Kaldbaksbotnur is located on the east coast of Streymoy. The village consists two farms. One farm is located in the bottom of Kaldbaksfjørður on the western side of the river and this farm is also called Northern part of Sund. The other is on the eastern side of the river and relates to Kaldbak. When the road to Tórshavn opened in 1980 this connected both Kaldbaksbotnur and Kaldbak to the island's road network.

In 1992 the 2816m tunnel Kollfjarðartunnilin was opened from Kaldbaksbotnur to Kollafjørður and this is now the main route from Tórshavn to the villages in the north of the island.

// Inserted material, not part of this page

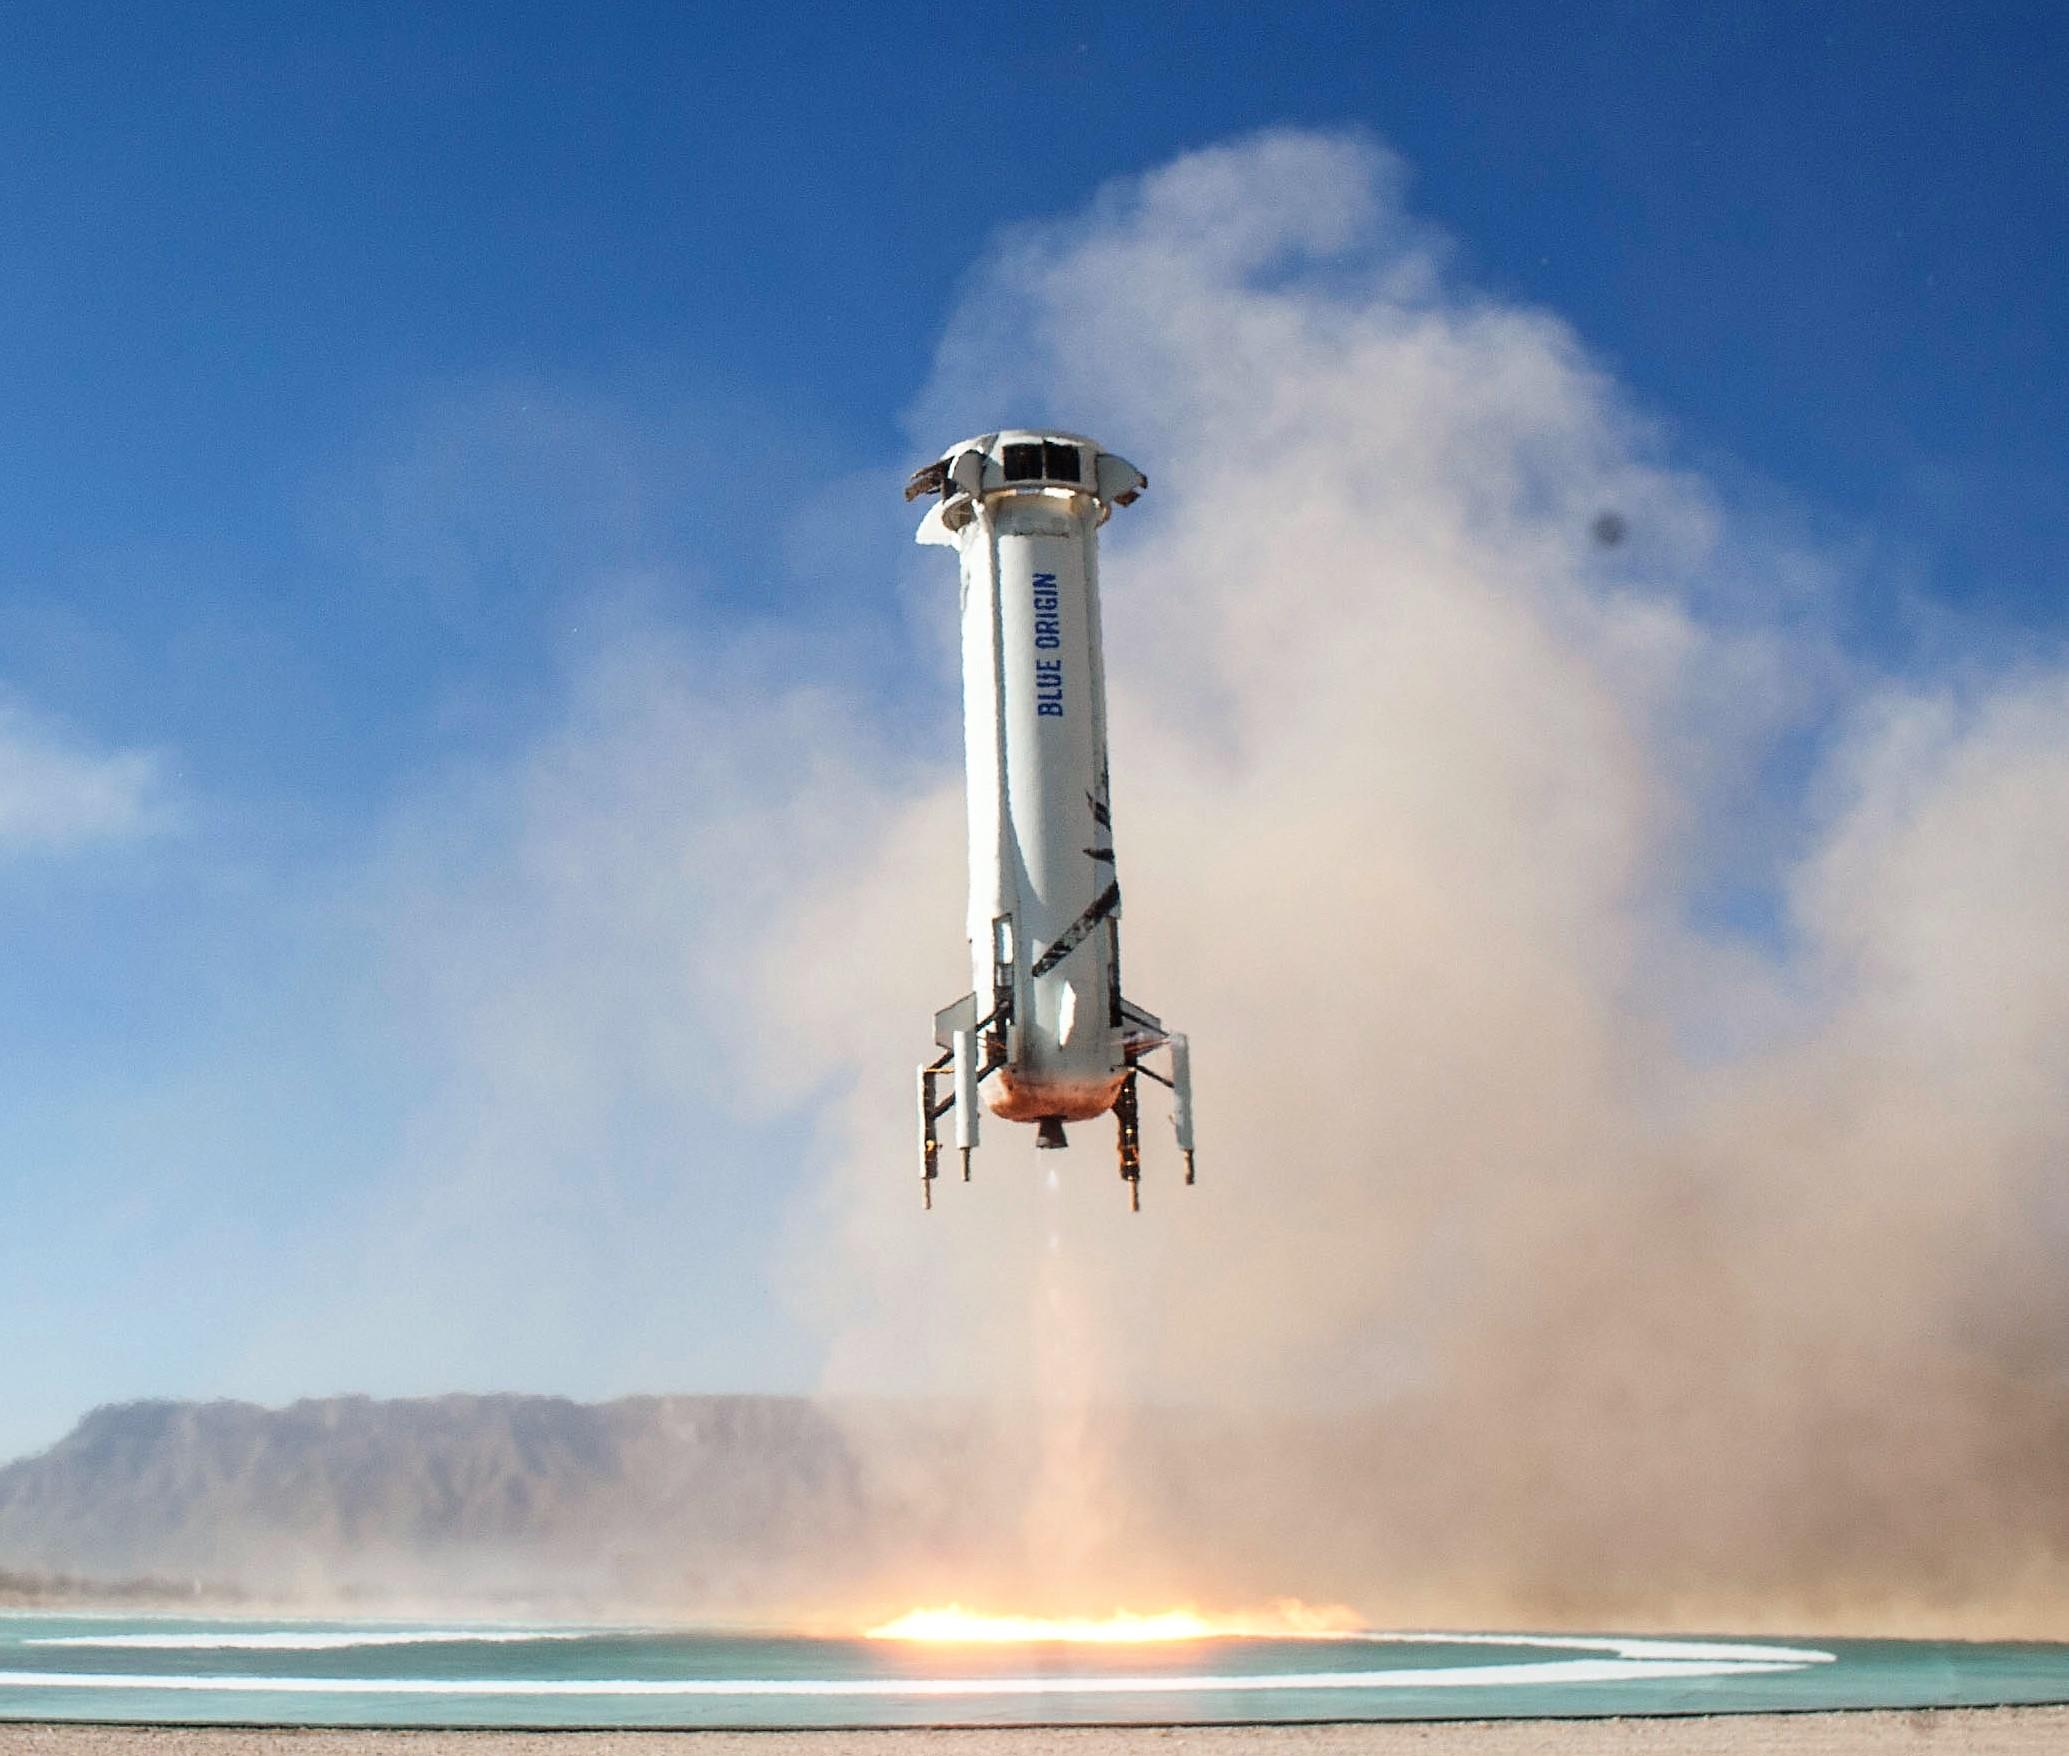 Figure 2: Capsula reutilizabilă New Shepard, la finalul unei misiuni suborbitale, revenind la sol (Sursa foto: Blue Origin.)

Throughout the 1990s Kaldbaksbotnur was served by bus route 4 operated by the blue Bygdaleiðir country buses which passed through the village on their route from Tórshavn to Kaldbak. Route 5, added in 2001, also ran from Tórshavn through Kaldbaksbotnur to the township of Kollafjørður. Since 2003, route 4 is running to Kollafjørður, while route 5 is running to Kaldbak. Both operate several times per day.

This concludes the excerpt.